Michael Calvey (born October 3, 1967) is an American businessman and one of Russia’s most prominent foreign investors. His criminal conviction on accusations of embezzlement in Russia caused widespread resonance.

Calvey is the co-founder of Baring Vostok, an independent private equity firm focused on investments in Russia and the Commonwealth of Independent States.

In February 2019, Calvey and five colleagues were arrested on suspicion of involvement in the theft of 2.5 billion rubles from Vostochny Bank. In August 2021, after nearly two years under house arrest, Calvey was found guilty of misappropriation and given a 5.5-year suspended sentence by a Moscow court.

Biography
Calvey was born in 1967 in Wisconsin and grew up in Oklahoma. He has Bachelor of Business degree from the University of Oklahoma and Master of Finance degree from the London School of Economics.

Calvey worked on mergers and acquisitions at Salomon Brothers and later managed the investment projects in Central and Eastern Europe and Soviet Union in the European Bank for Reconstruction and Development.

In an interview after his February 2019 arrest, Calvey revealed that his interest in Eastern Europe emerged after the collapse of the Berlin Wall in 1989. Calvey noted that the 1991 Soviet coup d'état attempt took place just a week before he started working in Russia.

Baring Vostok Capital Partners 
Calvey co-founded Baring Vostok in 1994, with the firm becoming known for making early-stage investments in Russian companies largely from the tech and consumer-facing sectors. As of 2019, Baring Vostok launched 6 funds totaling $3.7 billion. By 2021, the firm has reportedly invested almost $3 billion in 80 companies, including some of Russia’s most valuable technology companies such as Tinkoff Bank, Ozon, FGI Wireless (Beeline), CTC Media, Avito.ru, 1C Company, Ivi.ru, and CarPrice. In Russia, Baring Vostok was best knows for its investment in Yandex: the fund returned over $1 billion from the initial purchase of 35% share in 2020 for $5.28 million.

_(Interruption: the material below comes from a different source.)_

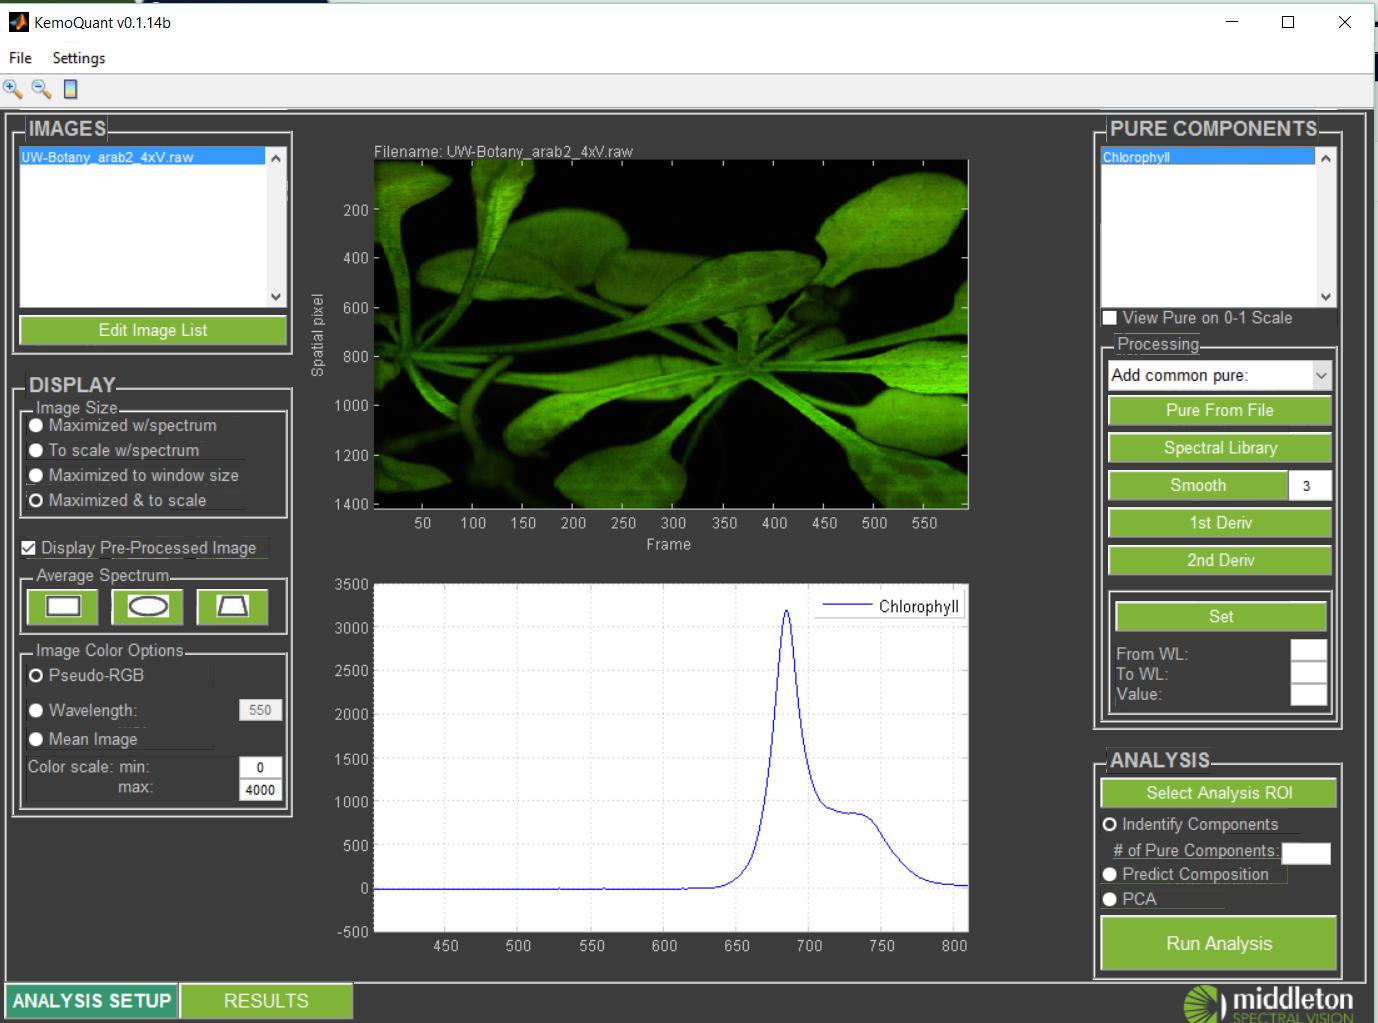 Macrophor Hyperspectral Fluorescence Imaging System
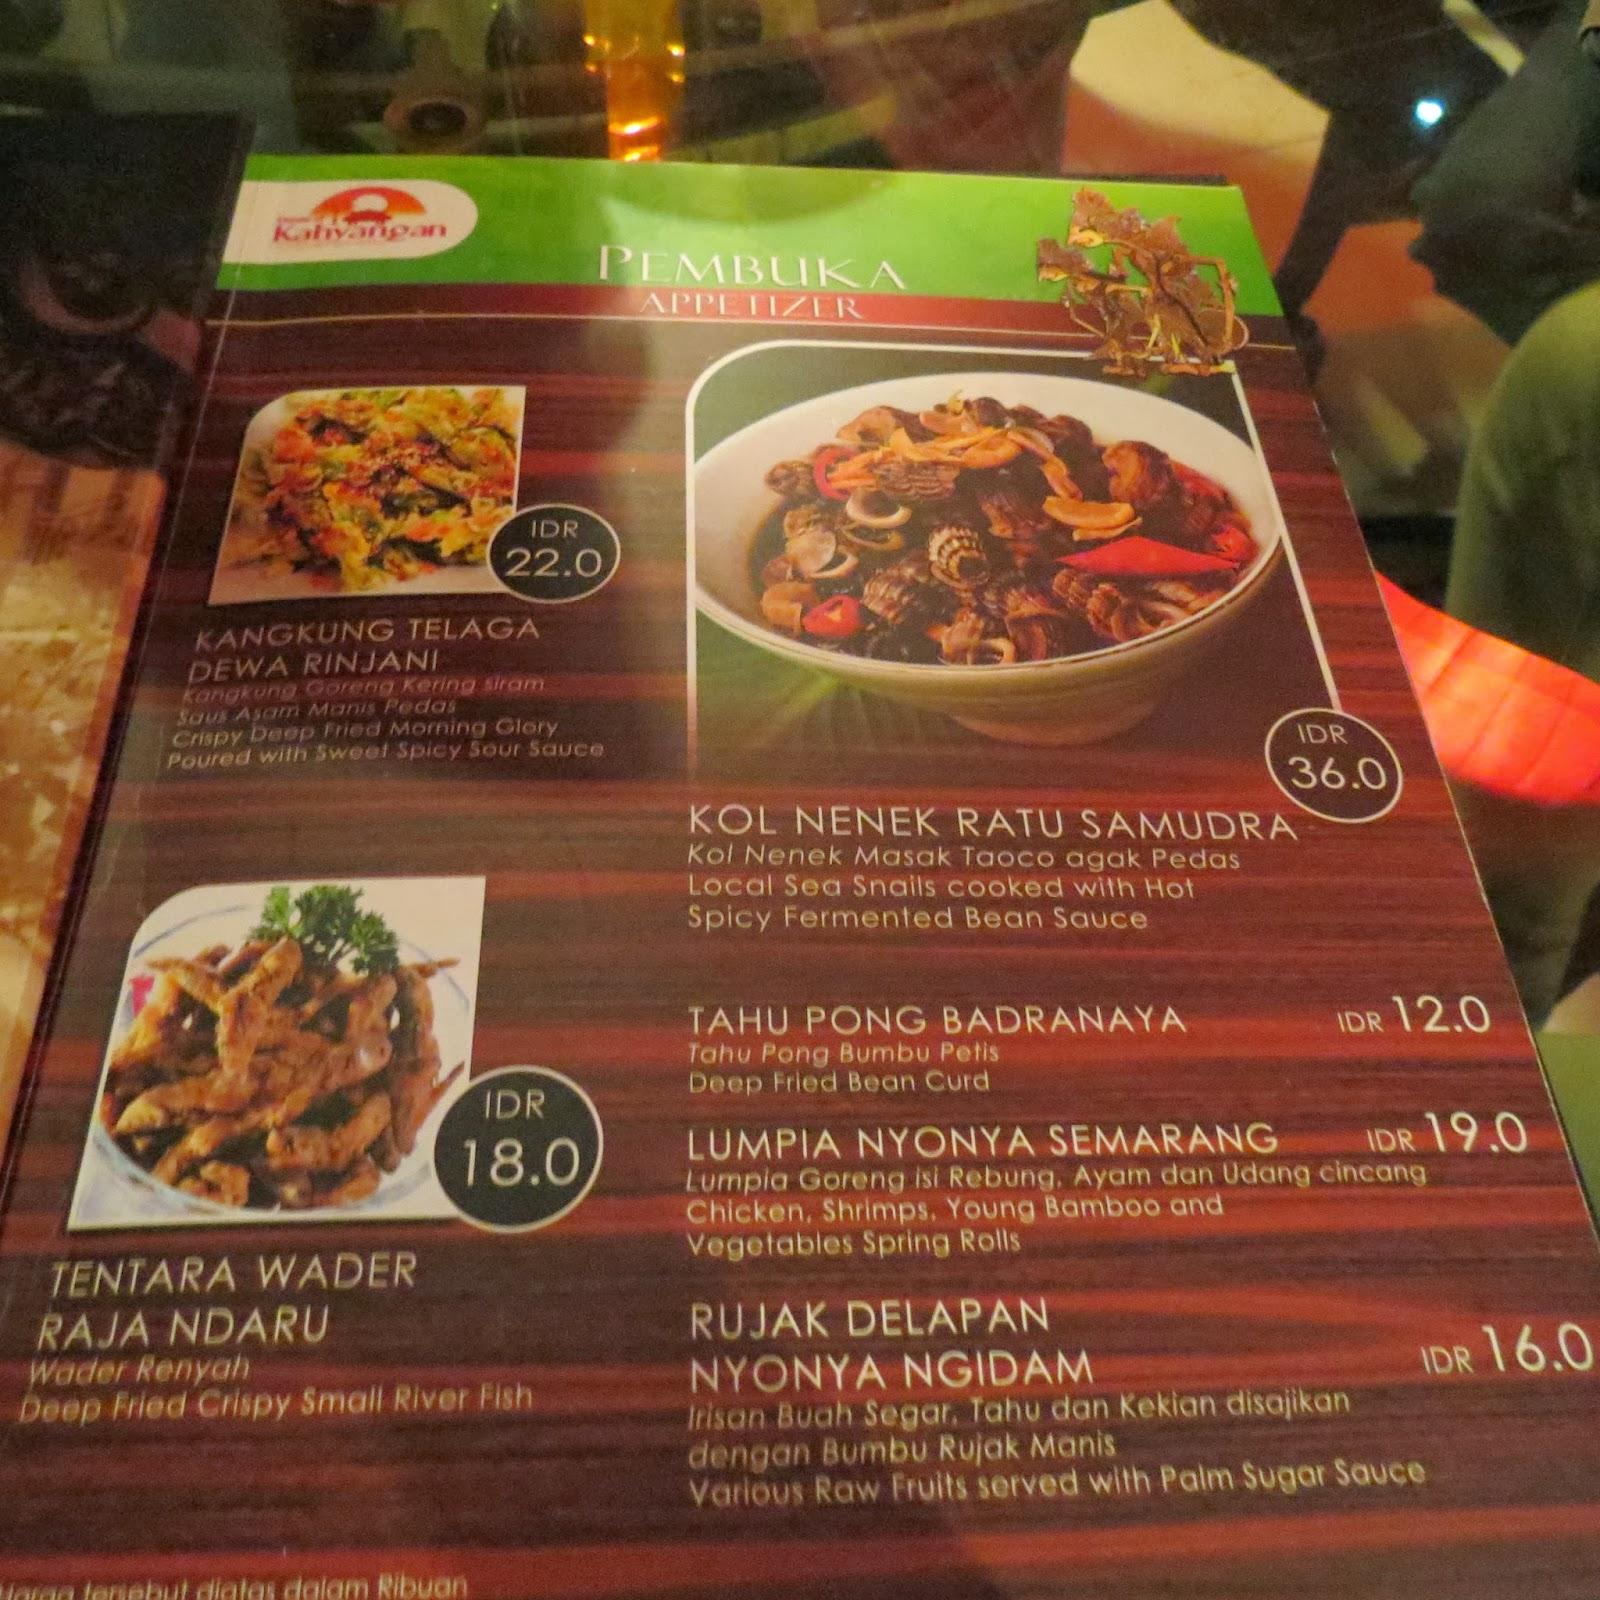 Surabaya Resto Walk Kahyangan Food Restaurant Stalls Art Kota

The New  York Times  described Calvey as a longstanding proponent of investment opportunities in Russia. Anatoly Chubais, a former Russian Deputy Prime Minister and a key figure in Russia’s post-Soviet market reforms, credited Calvey with personally attracting billions of dollars of investment into the country.  According to Bloomberg, "Calvey became a legend in the Russian market, in part because of his reputed aversion to any kind of foul play and focus on industries and companies unlikely to attract the attention of Russia’s authorities."

Baring Vostok embezzlement case 

Calvey was arrested on 14 February 2019, with three other Baring Vostok executives, on suspicion of allegedly embezzling 2.5 billion rubles (US$38 million) from the Russian Vostochny Bank. On 21 February, Russian state prosecutors formally charged him with fraud. The criminal case was initiated on the basis of a statement from Sherzod Yusupov, a minority shareholder of Vostochny Bank. As of February 2019, Calvey's Baring Vostok had a majority stake of 52.5% in Vostochny Bank.

Calvey claimed the allegations were unfounded and linked the criminal investigation against him to a corporate dispute he had with other shareholders of Vostochny Bank. Later the shareholders entered into a settlement agreement and publicly stated that their shareholder dispute was not related to the criminal investigation. After signing the settlement agreement, Baring Vostok returned 2.5 billion rubles to Vostochny Bank.

Calvey was held in Seaman's Silence Prison, the facility notorious for poor conditions and treatment — it is the same prison where lawyer Sergei Magnitsky was detained and died under mysterious circumstances. Likewise, Calvey's case was assigned to Arthur Karpov, the same judge who prosecuted Magnitsky. U.S. government officials under both the Trump and Biden administrations commented publicly that the case was a commercial dispute that shouldn’t be resolved in criminal courts, and that the arrest of Calvey was a major barrier to improving U.S.-Russian business relations.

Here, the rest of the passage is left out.